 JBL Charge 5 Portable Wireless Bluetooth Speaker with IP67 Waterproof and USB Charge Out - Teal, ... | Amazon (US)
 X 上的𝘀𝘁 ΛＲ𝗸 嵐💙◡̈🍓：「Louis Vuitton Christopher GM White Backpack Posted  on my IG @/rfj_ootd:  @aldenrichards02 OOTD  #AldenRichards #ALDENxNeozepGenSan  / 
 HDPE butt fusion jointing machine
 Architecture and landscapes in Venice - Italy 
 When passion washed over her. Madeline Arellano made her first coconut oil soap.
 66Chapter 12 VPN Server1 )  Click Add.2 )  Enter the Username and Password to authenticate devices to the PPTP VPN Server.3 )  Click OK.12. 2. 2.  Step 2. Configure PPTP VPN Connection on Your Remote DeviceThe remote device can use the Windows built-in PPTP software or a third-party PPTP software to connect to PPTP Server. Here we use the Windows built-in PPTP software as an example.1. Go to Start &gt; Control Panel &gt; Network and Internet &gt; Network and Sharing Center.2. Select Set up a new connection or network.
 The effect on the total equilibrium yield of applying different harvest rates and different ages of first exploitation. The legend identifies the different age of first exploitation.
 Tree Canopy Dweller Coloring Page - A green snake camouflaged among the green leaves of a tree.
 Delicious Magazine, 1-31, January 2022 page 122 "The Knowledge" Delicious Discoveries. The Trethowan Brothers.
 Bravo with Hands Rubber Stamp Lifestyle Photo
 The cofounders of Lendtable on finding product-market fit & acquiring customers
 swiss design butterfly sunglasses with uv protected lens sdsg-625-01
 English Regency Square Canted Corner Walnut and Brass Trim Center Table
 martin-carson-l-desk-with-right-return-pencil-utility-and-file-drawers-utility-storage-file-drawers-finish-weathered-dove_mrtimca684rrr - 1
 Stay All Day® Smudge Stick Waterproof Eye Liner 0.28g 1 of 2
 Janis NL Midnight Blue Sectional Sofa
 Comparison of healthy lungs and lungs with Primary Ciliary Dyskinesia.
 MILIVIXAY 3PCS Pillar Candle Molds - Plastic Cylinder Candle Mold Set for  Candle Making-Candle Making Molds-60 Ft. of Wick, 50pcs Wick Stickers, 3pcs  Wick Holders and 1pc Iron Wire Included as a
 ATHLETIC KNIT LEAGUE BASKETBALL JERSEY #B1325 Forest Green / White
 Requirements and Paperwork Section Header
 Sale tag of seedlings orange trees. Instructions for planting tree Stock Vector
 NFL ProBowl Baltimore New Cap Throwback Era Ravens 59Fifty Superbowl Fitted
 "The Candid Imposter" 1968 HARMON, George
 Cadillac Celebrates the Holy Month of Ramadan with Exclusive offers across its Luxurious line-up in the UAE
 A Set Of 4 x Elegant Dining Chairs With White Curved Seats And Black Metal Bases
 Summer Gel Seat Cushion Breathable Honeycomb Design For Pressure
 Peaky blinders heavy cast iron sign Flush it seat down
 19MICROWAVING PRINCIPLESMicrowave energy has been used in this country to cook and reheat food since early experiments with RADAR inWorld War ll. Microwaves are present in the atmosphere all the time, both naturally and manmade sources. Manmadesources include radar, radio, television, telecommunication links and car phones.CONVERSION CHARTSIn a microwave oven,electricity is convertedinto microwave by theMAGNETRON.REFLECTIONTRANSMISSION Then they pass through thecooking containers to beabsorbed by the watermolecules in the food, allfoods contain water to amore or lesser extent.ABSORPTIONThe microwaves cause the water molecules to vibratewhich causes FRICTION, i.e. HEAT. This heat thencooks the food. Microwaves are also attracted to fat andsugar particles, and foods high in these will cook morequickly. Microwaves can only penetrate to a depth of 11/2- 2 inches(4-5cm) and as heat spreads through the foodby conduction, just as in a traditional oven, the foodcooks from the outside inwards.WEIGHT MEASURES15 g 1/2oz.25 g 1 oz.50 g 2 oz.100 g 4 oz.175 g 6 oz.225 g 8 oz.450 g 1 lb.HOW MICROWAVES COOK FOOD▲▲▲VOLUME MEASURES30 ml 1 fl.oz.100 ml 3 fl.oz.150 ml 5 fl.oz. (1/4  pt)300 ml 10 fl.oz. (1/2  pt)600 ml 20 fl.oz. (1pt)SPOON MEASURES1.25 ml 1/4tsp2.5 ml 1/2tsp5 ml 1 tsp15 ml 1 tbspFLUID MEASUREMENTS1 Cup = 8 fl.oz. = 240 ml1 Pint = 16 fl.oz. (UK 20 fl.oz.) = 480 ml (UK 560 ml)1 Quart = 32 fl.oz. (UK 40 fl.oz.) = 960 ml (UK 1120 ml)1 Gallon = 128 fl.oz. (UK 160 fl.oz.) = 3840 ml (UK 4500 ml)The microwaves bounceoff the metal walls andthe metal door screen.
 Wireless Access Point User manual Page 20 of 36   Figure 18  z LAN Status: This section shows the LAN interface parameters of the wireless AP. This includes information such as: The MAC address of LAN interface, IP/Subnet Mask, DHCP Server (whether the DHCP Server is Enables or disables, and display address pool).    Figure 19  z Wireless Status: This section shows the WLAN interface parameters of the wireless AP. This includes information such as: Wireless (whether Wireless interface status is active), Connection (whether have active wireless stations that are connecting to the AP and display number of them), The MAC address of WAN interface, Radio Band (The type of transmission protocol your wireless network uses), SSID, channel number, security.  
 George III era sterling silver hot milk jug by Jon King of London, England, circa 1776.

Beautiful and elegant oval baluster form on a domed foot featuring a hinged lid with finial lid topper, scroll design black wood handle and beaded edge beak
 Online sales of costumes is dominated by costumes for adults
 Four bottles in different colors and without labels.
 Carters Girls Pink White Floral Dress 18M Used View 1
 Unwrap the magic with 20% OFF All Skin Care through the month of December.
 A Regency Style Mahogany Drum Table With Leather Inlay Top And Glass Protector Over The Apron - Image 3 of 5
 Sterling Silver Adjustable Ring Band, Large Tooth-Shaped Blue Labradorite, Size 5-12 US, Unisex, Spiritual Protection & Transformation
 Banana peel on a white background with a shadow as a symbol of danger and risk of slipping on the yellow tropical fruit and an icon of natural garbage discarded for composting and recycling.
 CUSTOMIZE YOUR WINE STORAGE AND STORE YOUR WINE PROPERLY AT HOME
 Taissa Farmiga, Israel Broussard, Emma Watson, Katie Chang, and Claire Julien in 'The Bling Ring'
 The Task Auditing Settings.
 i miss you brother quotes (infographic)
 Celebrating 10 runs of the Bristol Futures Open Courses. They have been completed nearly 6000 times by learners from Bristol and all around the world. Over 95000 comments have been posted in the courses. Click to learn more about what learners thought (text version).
-- -- --
### What the task asks
Every record here must be output exactly, word for word.

### Exercise solution
 JBL Charge 5 Portable Wireless Bluetooth Speaker with IP67 Waterproof and USB Charge Out - Teal, ... | Amazon (US)
 X 上的𝘀𝘁 ΛＲ𝗸 嵐💙◡̈🍓：「Louis Vuitton Christopher GM White Backpack Posted  on my IG @/rfj_ootd:  @aldenrichards02 OOTD  #AldenRichards #ALDENxNeozepGenSan  / 
 HDPE butt fusion jointing machine
 Architecture and landscapes in Venice - Italy 
 When passion washed over her. Madeline Arellano made her first coconut oil soap.
 66Chapter 12 VPN Server1 )  Click Add.2 )  Enter the Username and Password to authenticate devices to the PPTP VPN Server.3 )  Click OK.12. 2. 2.  Step 2. Configure PPTP VPN Connection on Your Remote DeviceThe remote device can use the Windows built-in PPTP software or a third-party PPTP software to connect to PPTP Server. Here we use the Windows built-in PPTP software as an example.1. Go to Start &gt; Control Panel &gt; Network and Internet &gt; Network and Sharing Center.2. Select Set up a new connection or network.
 The effect on the total equilibrium yield of applying different harvest rates and different ages of first exploitation. The legend identifies the different age of first exploitation.
 Tree Canopy Dweller Coloring Page - A green snake camouflaged among the green leaves of a tree.
 Delicious Magazine, 1-31, January 2022 page 122 "The Knowledge" Delicious Discoveries. The Trethowan Brothers.
 Bravo with Hands Rubber Stamp Lifestyle Photo
 The cofounders of Lendtable on finding product-market fit & acquiring customers
 swiss design butterfly sunglasses with uv protected lens sdsg-625-01
 English Regency Square Canted Corner Walnut and Brass Trim Center Table
 martin-carson-l-desk-with-right-return-pencil-utility-and-file-drawers-utility-storage-file-drawers-finish-weathered-dove_mrtimca684rrr - 1
 Stay All Day® Smudge Stick Waterproof Eye Liner 0.28g 1 of 2
 Janis NL Midnight Blue Sectional Sofa
 Comparison of healthy lungs and lungs with Primary Ciliary Dyskinesia.
 MILIVIXAY 3PCS Pillar Candle Molds - Plastic Cylinder Candle Mold Set for  Candle Making-Candle Making Molds-60 Ft. of Wick, 50pcs Wick Stickers, 3pcs  Wick Holders and 1pc Iron Wire Included as a
 ATHLETIC KNIT LEAGUE BASKETBALL JERSEY #B1325 Forest Green / White
 Requirements and Paperwork Section Header
 Sale tag of seedlings orange trees. Instructions for planting tree Stock Vector
 NFL ProBowl Baltimore New Cap Throwback Era Ravens 59Fifty Superbowl Fitted
 "The Candid Imposter" 1968 HARMON, George
 Cadillac Celebrates the Holy Month of Ramadan with Exclusive offers across its Luxurious line-up in the UAE
 A Set Of 4 x Elegant Dining Chairs With White Curved Seats And Black Metal Bases
 Summer Gel Seat Cushion Breathable Honeycomb Design For Pressure
 Peaky blinders heavy cast iron sign Flush it seat down
 19MICROWAVING PRINCIPLESMicrowave energy has been used in this country to cook and reheat food since early experiments with RADAR inWorld War ll. Microwaves are present in the atmosphere all the time, both naturally and manmade sources. Manmadesources include radar, radio, television, telecommunication links and car phones.CONVERSION CHARTSIn a microwave oven,electricity is convertedinto microwave by theMAGNETRON.REFLECTIONTRANSMISSION Then they pass through thecooking containers to beabsorbed by the watermolecules in the food, allfoods contain water to amore or lesser extent.ABSORPTIONThe microwaves cause the water molecules to vibratewhich causes FRICTION, i.e. HEAT. This heat thencooks the food. Microwaves are also attracted to fat andsugar particles, and foods high in these will cook morequickly. Microwaves can only penetrate to a depth of 11/2- 2 inches(4-5cm) and as heat spreads through the foodby conduction, just as in a traditional oven, the foodcooks from the outside inwards.WEIGHT MEASURES15 g 1/2oz.25 g 1 oz.50 g 2 oz.100 g 4 oz.175 g 6 oz.225 g 8 oz.450 g 1 lb.HOW MICROWAVES COOK FOOD▲▲▲VOLUME MEASURES30 ml 1 fl.oz.100 ml 3 fl.oz.150 ml 5 fl.oz. (1/4  pt)300 ml 10 fl.oz. (1/2  pt)600 ml 20 fl.oz. (1pt)SPOON MEASURES1.25 ml 1/4tsp2.5 ml 1/2tsp5 ml 1 tsp15 ml 1 tbspFLUID MEASUREMENTS1 Cup = 8 fl.oz. = 240 ml1 Pint = 16 fl.oz. (UK 20 fl.oz.) = 480 ml (UK 560 ml)1 Quart = 32 fl.oz. (UK 40 fl.oz.) = 960 ml (UK 1120 ml)1 Gallon = 128 fl.oz. (UK 160 fl.oz.) = 3840 ml (UK 4500 ml)The microwaves bounceoff the metal walls andthe metal door screen.
 Wireless Access Point User manual Page 20 of 36   Figure 18  z LAN Status: This section shows the LAN interface parameters of the wireless AP. This includes information such as: The MAC address of LAN interface, IP/Subnet Mask, DHCP Server (whether the DHCP Server is Enables or disables, and display address pool).    Figure 19  z Wireless Status: This section shows the WLAN interface parameters of the wireless AP. This includes information such as: Wireless (whether Wireless interface status is active), Connection (whether have active wireless stations that are connecting to the AP and display number of them), The MAC address of WAN interface, Radio Band (The type of transmission protocol your wireless network uses), SSID, channel number, security.  
 George III era sterling silver hot milk jug by Jon King of London, England, circa 1776.

Beautiful and elegant oval baluster form on a domed foot featuring a hinged lid with finial lid topper, scroll design black wood handle and beaded edge beak
 Online sales of costumes is dominated by costumes for adults
 Four bottles in different colors and without labels.
 Carters Girls Pink White Floral Dress 18M Used View 1
 Unwrap the magic with 20% OFF All Skin Care through the month of December.
 A Regency Style Mahogany Drum Table With Leather Inlay Top And Glass Protector Over The Apron - Image 3 of 5
 Sterling Silver Adjustable Ring Band, Large Tooth-Shaped Blue Labradorite, Size 5-12 US, Unisex, Spiritual Protection & Transformation
 Banana peel on a white background with a shadow as a symbol of danger and risk of slipping on the yellow tropical fruit and an icon of natural garbage discarded for composting and recycling.
 CUSTOMIZE YOUR WINE STORAGE AND STORE YOUR WINE PROPERLY AT HOME
 Taissa Farmiga, Israel Broussard, Emma Watson, Katie Chang, and Claire Julien in 'The Bling Ring'
 The Task Auditing Settings.
 i miss you brother quotes (infographic)
 Celebrating 10 runs of the Bristol Futures Open Courses. They have been completed nearly 6000 times by learners from Bristol and all around the world. Over 95000 comments have been posted in the courses. Click to learn more about what learners thought (text version).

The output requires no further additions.